COLUMN: JOHN ANGELOS FEELS THE HEAT: You’d think the owner of a baseball team that just won 101 games would be enjoying at least a brief period of grace. But with a long-term lease deal getting snagged yet again, John Angelos is feeling the heat. Orioles fans are disgruntled enough to cross their fingers for a new owner to sweep through and take over just in time for the holidays. Kyle Goon/The Baltimore Banner.

STATE BUDGETING EXPECTED TO FACE A DIFFICULT TIME: Gov. Wes Moore addressed controversial cuts to the state’s transportation budget Thursday, largely pointing to former Republican Gov. Larry Hogan’s administration rather than his own for the shortfall. “Our predecessors turned away from making hard choices on what should and should not be prioritized as a state government,” Moore said as he addressed attendees of the Maryland Association of Counties winter conference Thursday. Hannah Gaskill/The Baltimore Sun.
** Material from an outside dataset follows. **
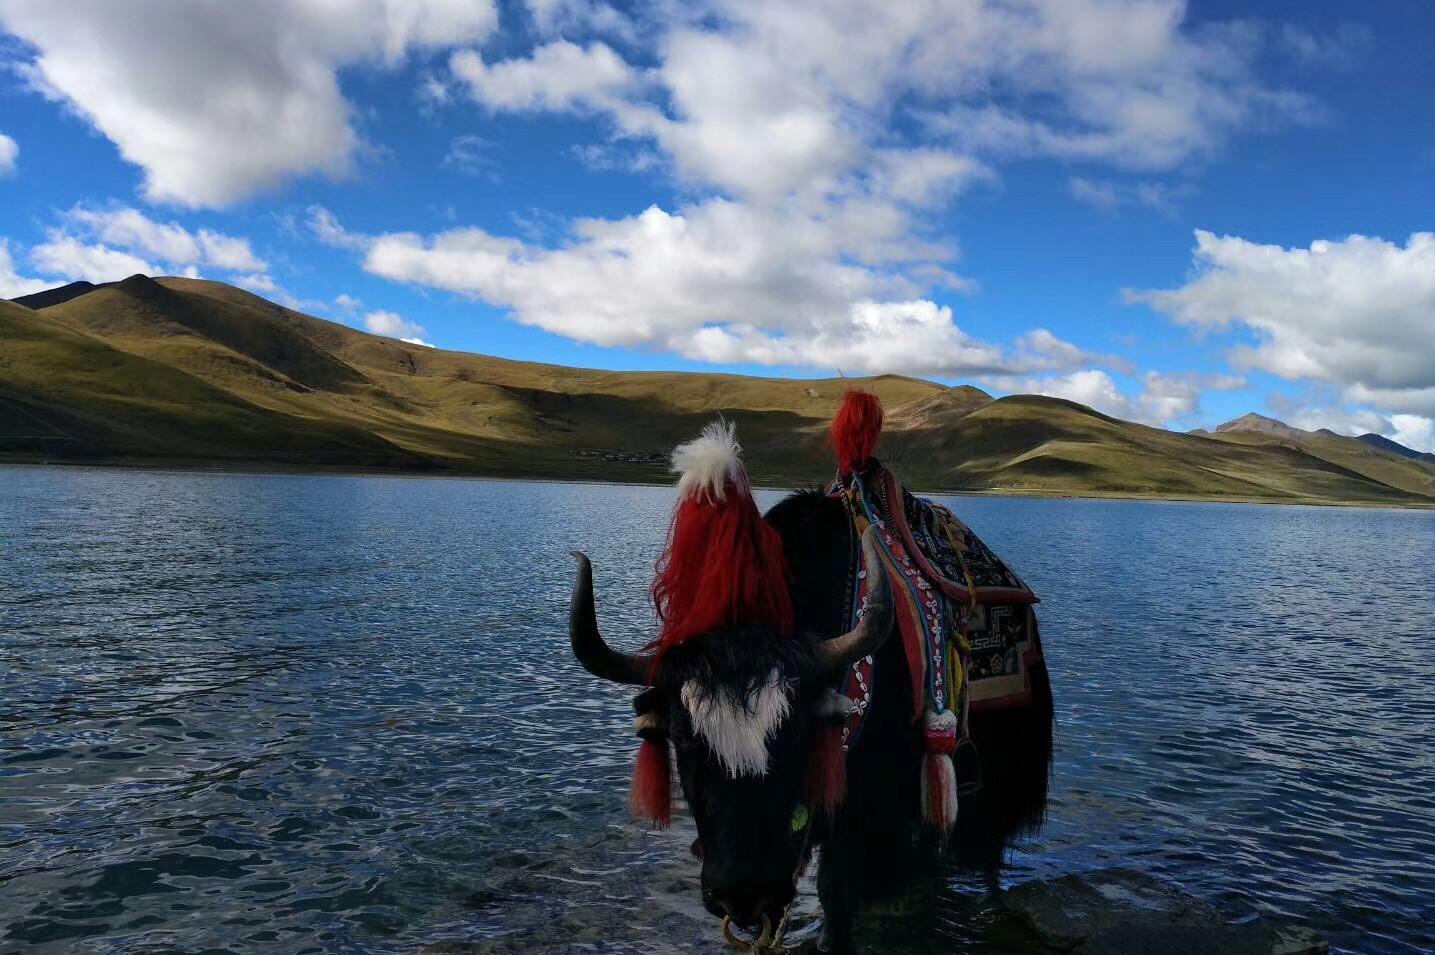 西藏拉萨、林芝、日喀则、珠峰大本营15日双卧跟团游[进藏首选]0自费、赠6大特色美食,1晚宿鲁朗国际小镇

  • Moore escalated his call to rein in state spending this week, telling a convention of local government leaders the “hard truth” is the state has to pick some priorities at the expense of others. Erin Cox/The Washington Post.
  • Eric Luedtke, Moore’s chief legislative officer, told county officials Friday that the coming legislative session will center around “answering some really tough questions” because of an end to billions in federal aid that pumped up state coffers in recent years. Bryan Sears/Maryland Matters.
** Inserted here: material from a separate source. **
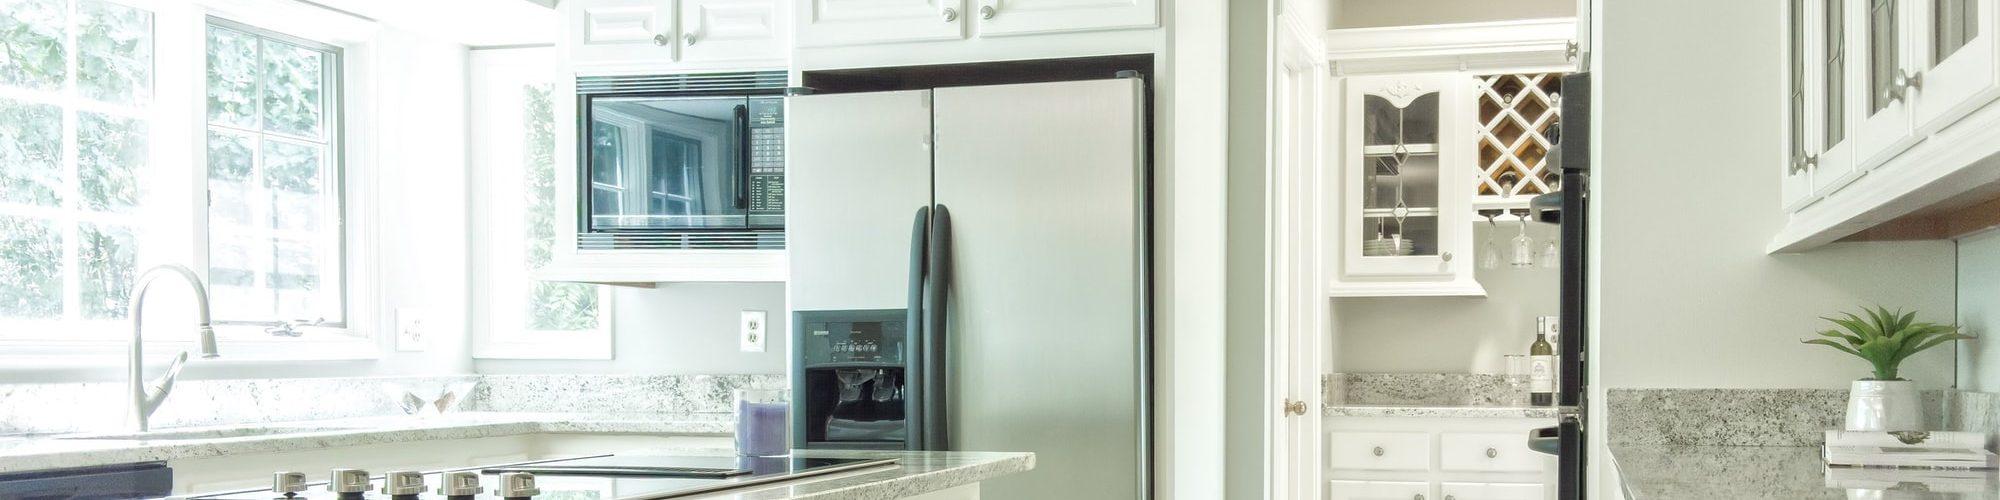 witte-keuken-zilveren-koelkast

MOORE TO INTRODUCE ABOUT A DOZEN BILLS: Gov. Wes Moore previewed his legislative initiatives during the Maryland Association of Counties winter conference in Cambridge on Thursday night, indicating his intent to introduce around a dozen bills during legislative session that begins in January. He previewed bills on data center infrastructure, the law enforcement workforce and several on housing. Dwight Weingarten/The Hagerstown Herald Mail.
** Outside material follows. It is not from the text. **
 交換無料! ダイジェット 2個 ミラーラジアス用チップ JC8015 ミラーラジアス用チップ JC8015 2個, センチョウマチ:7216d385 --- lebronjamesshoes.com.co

  • Northern Virginia is home to almost 300 data centers, the highest concentration of these facilities in the world. But Maryland is looking to get in on the action, and the push to make the state a major hub for data centers is a top priority of Gov. Wes Moore (D) and will be part of his legislative package in the upcoming General Assembly session. Josh Kurtz/Maryland Matters.

FEDERAL SUIT FILED AGAINST WICOMICO CO. TARGETS AT-LARGE DISTRICTS: Civil rights groups and residents in Wicomico County filed a federal voting rights lawsuit Thursday against the county on Maryland’s Eastern Shore, alleging that its system for electing school board and council members is racially discriminatory and unlawful. Joe Heim/The Washington Post.

  • “I hope we see true diversity and representation considering these are elected positions,” said Monica Brooks, president of the Wicomico County Branch of the NAACP. “In the current system, there’s one space allocated for the people of color. Attempts to (create) diversity have all failed particularly in the At-Large space for people of color. This system isn’t benefitting our community in any way, shape, or form.” Kristian Jaime/The Salisbury Daily Times.
  • The suit alleges the county suppresses Black voters by electing “at large” members of the county school board and the council. That process makes it nearly impossible for more Black school board members and council representatives to be elected proportionate to the population. Stephen Janis and Taya Graham/The Afro.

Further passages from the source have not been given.